1. A learning-based instant messaging session segmentation method is characterized by comprising the following specific steps:

Δt＝F2(T2-T1)＝T2-T1；T2＞T1

t1 is the transmission time of the ticket R1; t2 is the transmission time of the ticket R2; f2 is the sending time distance between the adjacent tickets R1 and R2;

Δsim＝F3(C1,C2)

c1 is the text content of the ticket R1, C2 is the text content of the ticket R2; f3 is the text content distance between the adjacent tickets R1 and R2;

F(R1,R2)＝α×Δt+β×Δsim

the telephone bills R1 and R2 belong to two different conversations respectively, namely the last message of the previous conversation is R1, and the first message of the new conversation is R2;

2. The learning-based instant messaging session segmentation method according to claim 1, wherein in the second step, the detail call list data R ═ (RS, RR, T, C);

RS denotes a session initiator (Record Sender), RR denotes a communication session receiver (Record receiver), T denotes transmission time of the ticket R, and C denotes text content of the ticket R.

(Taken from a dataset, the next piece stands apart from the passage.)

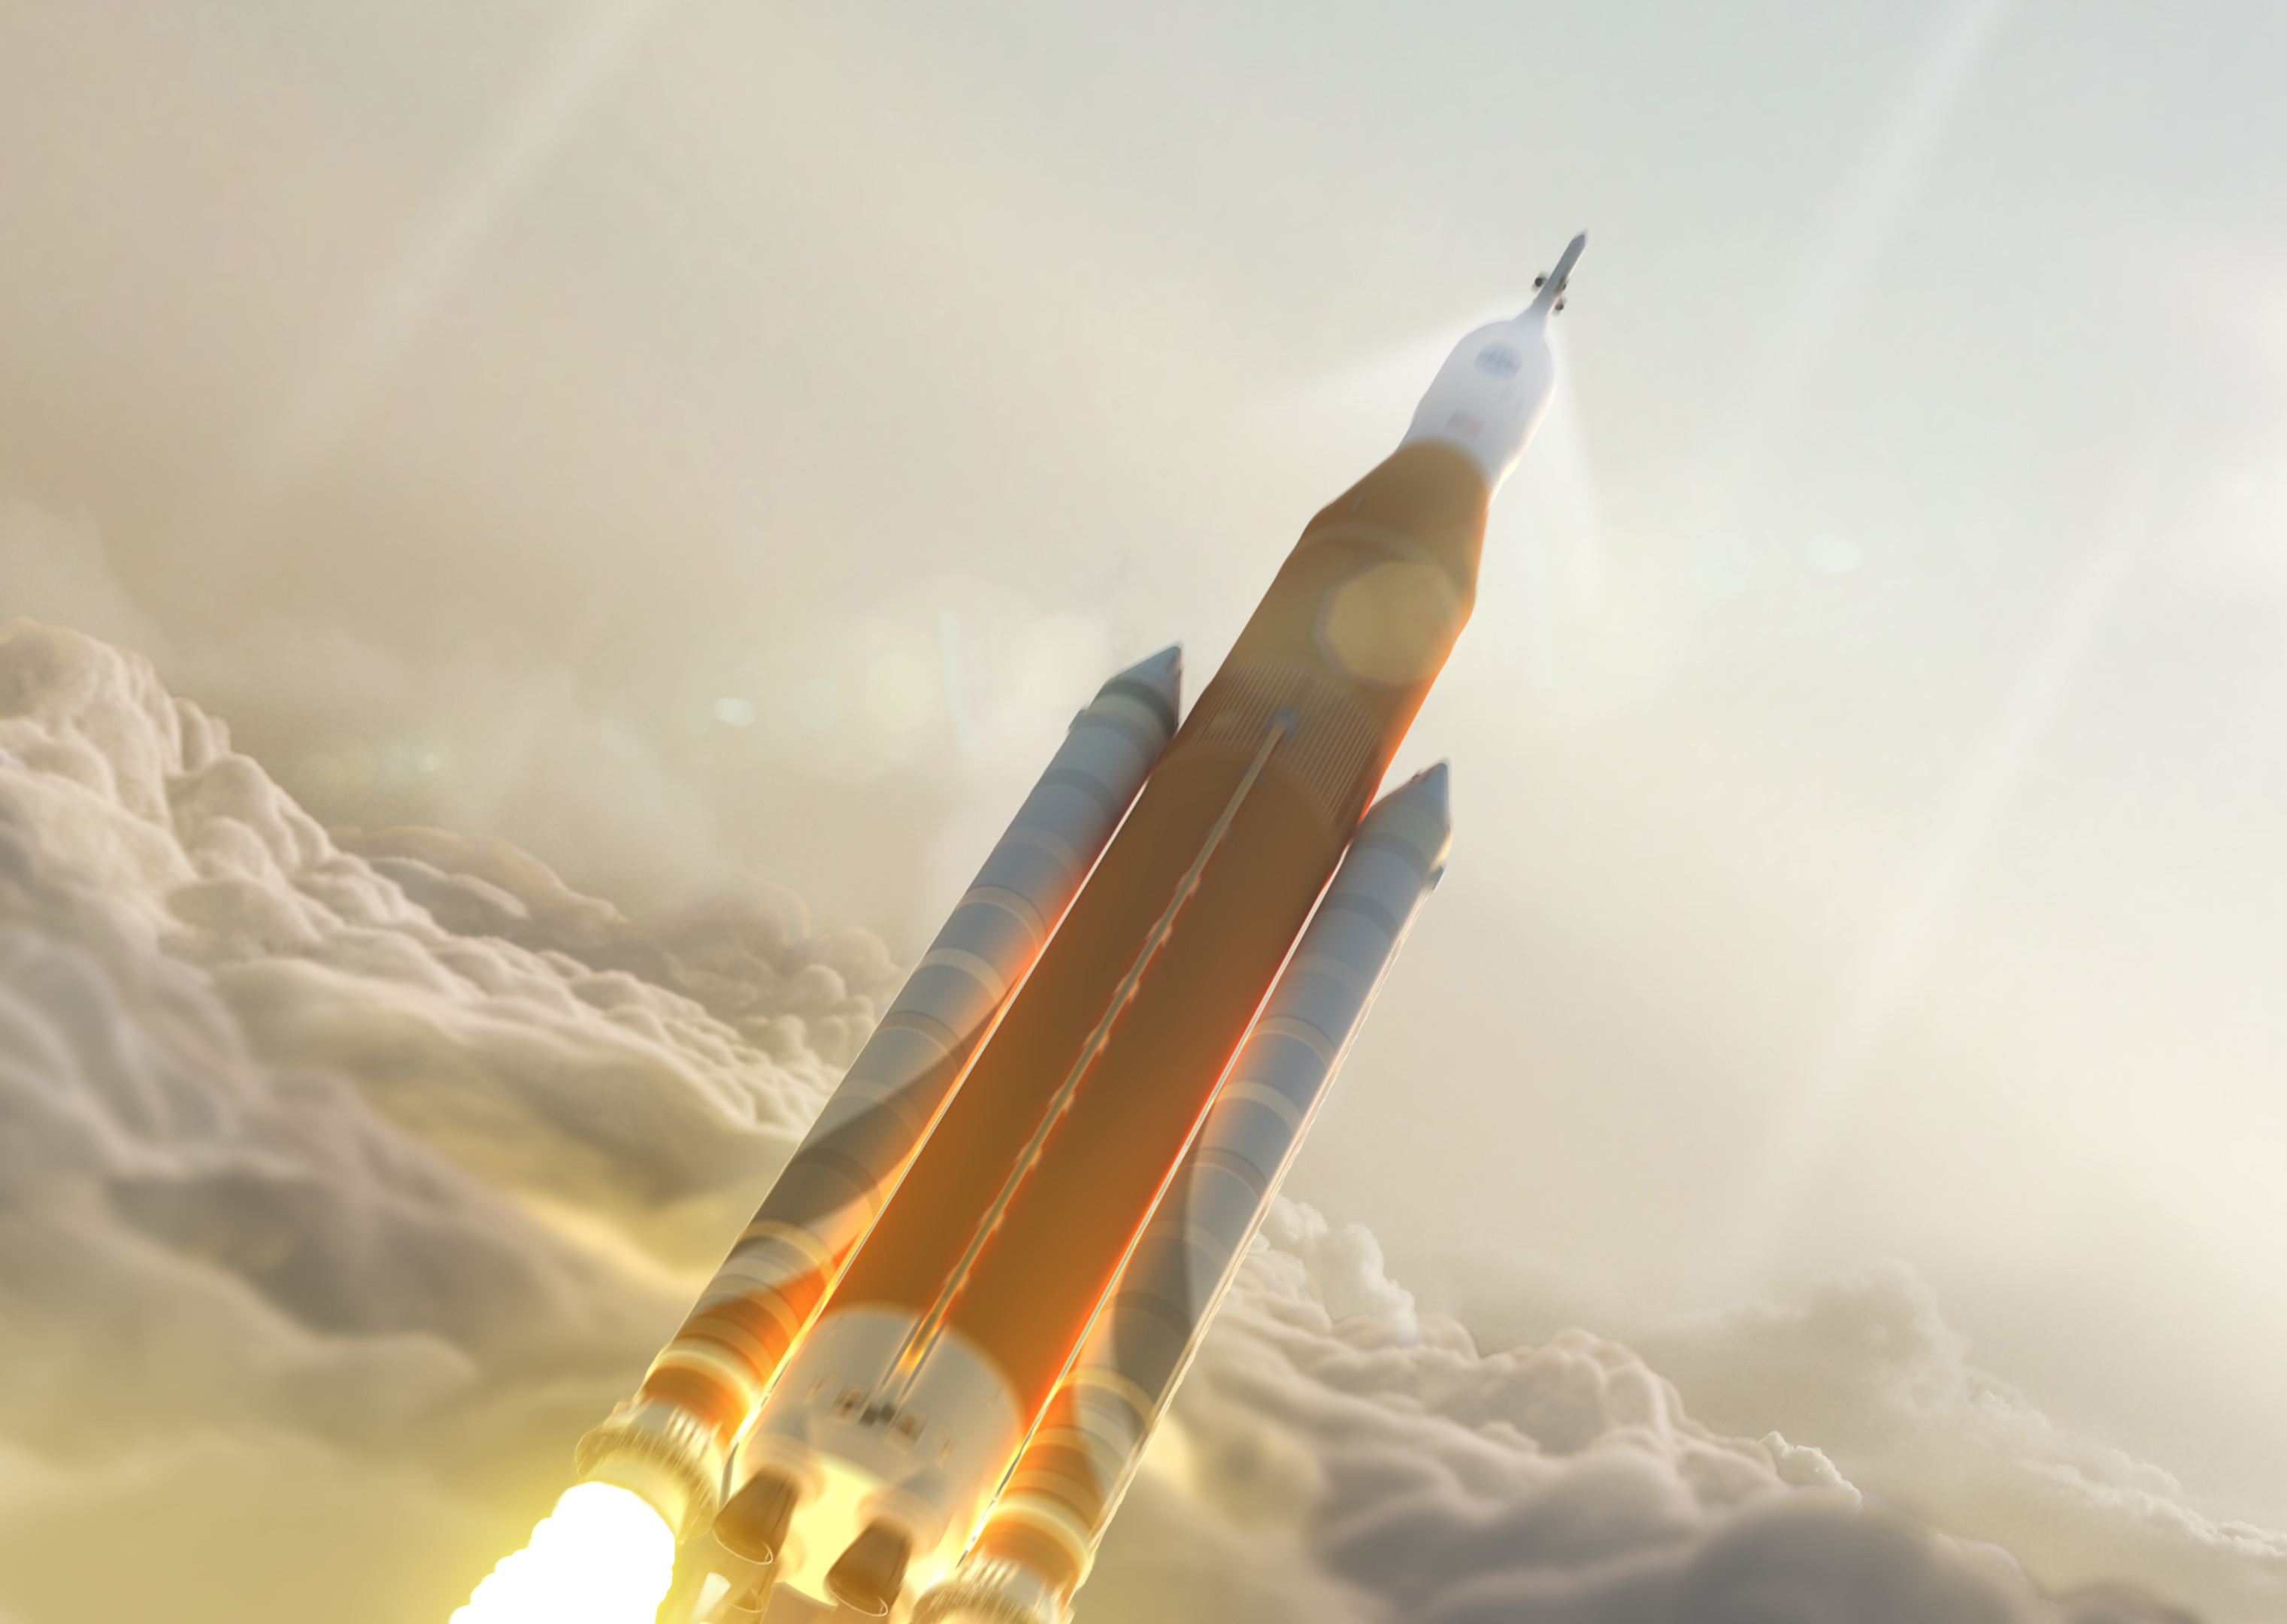 A Space Launch System tervezett óriásrakétája
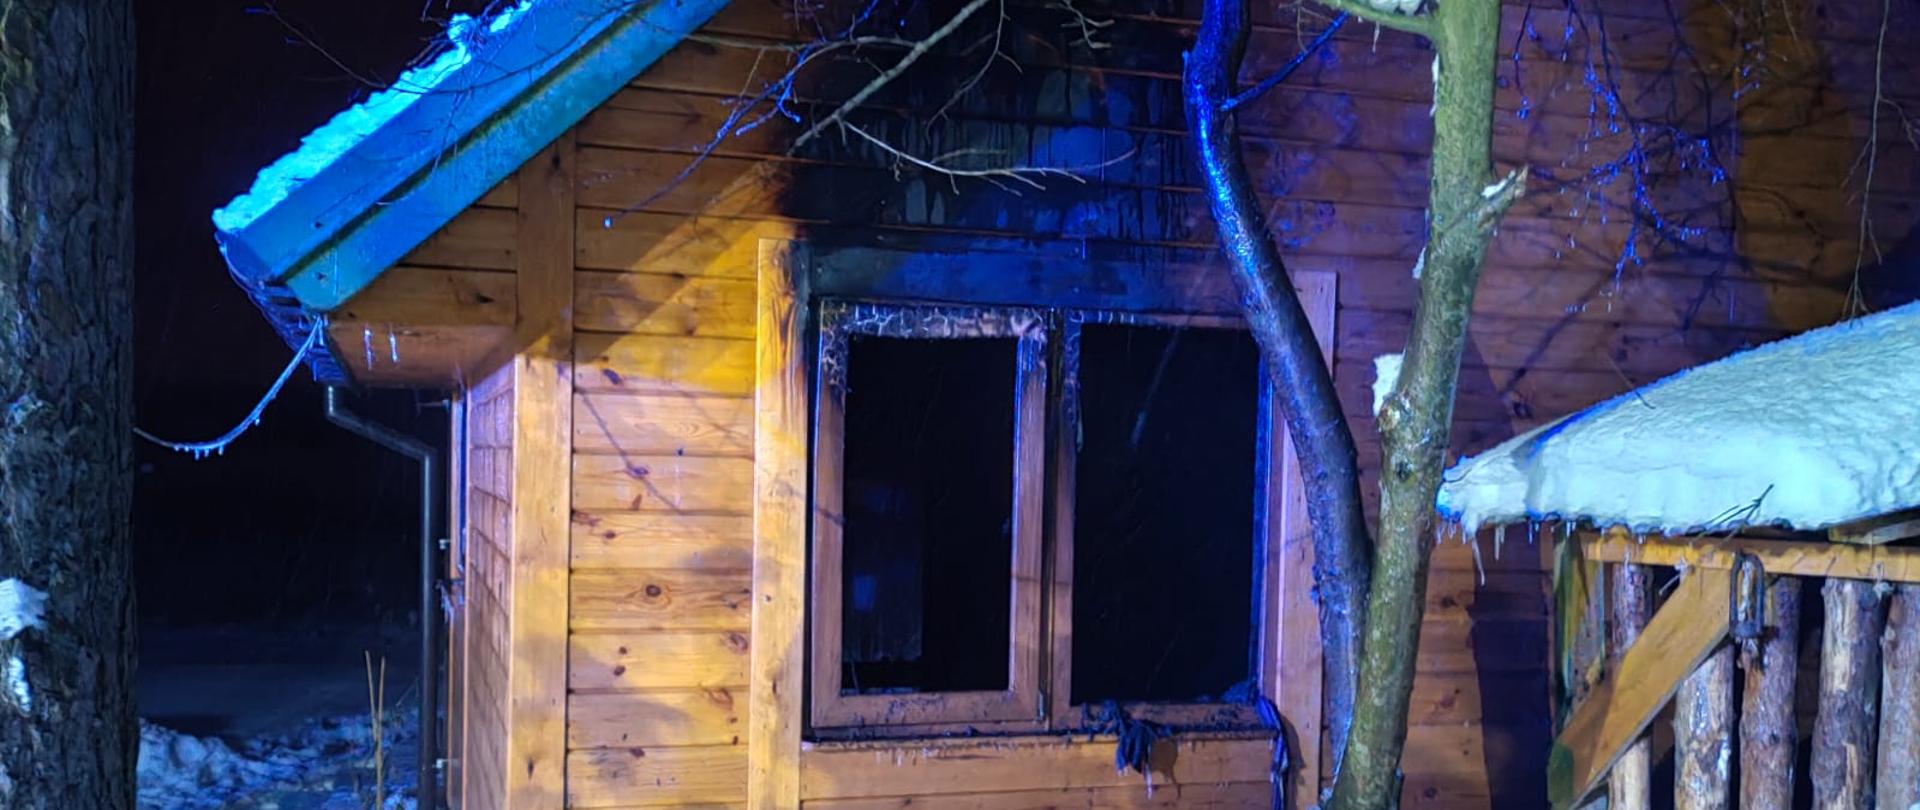 Na zdjęciu widoczny drewniany domek i nadpalone okno przez które wychodziły wcześniej płomienie.

3. The learning-based instant messaging session segmentation method according to claim 1, wherein the concrete steps of the fifth step are as follows:

502, performing word segmentation and stop word removal on the text contents C1 and C2 to obtain a word set;

the text content C1 obtains wc1 words; the text content C2 obtains wc2 words;

sim(wc1_i,wc2_j) Calculating by adopting a cos cosine method; wc1_iThe ith word representing textual content C1; wc2_jRepresents the jth word in textual content C2;

Δsim＝F3(C1,C2)。

4. the learning-based instant messaging session segmentation method according to claim 1, wherein the respective session distances of the communication session user groups conform to the following characteristics: if the conversation belongs to 1 conversation, the distance values recorded by different adjacent call tickets are distributed in a centralized way; if the difference belongs to 1 session, the distance values recorded by different adjacent call tickets are distributed sparsely.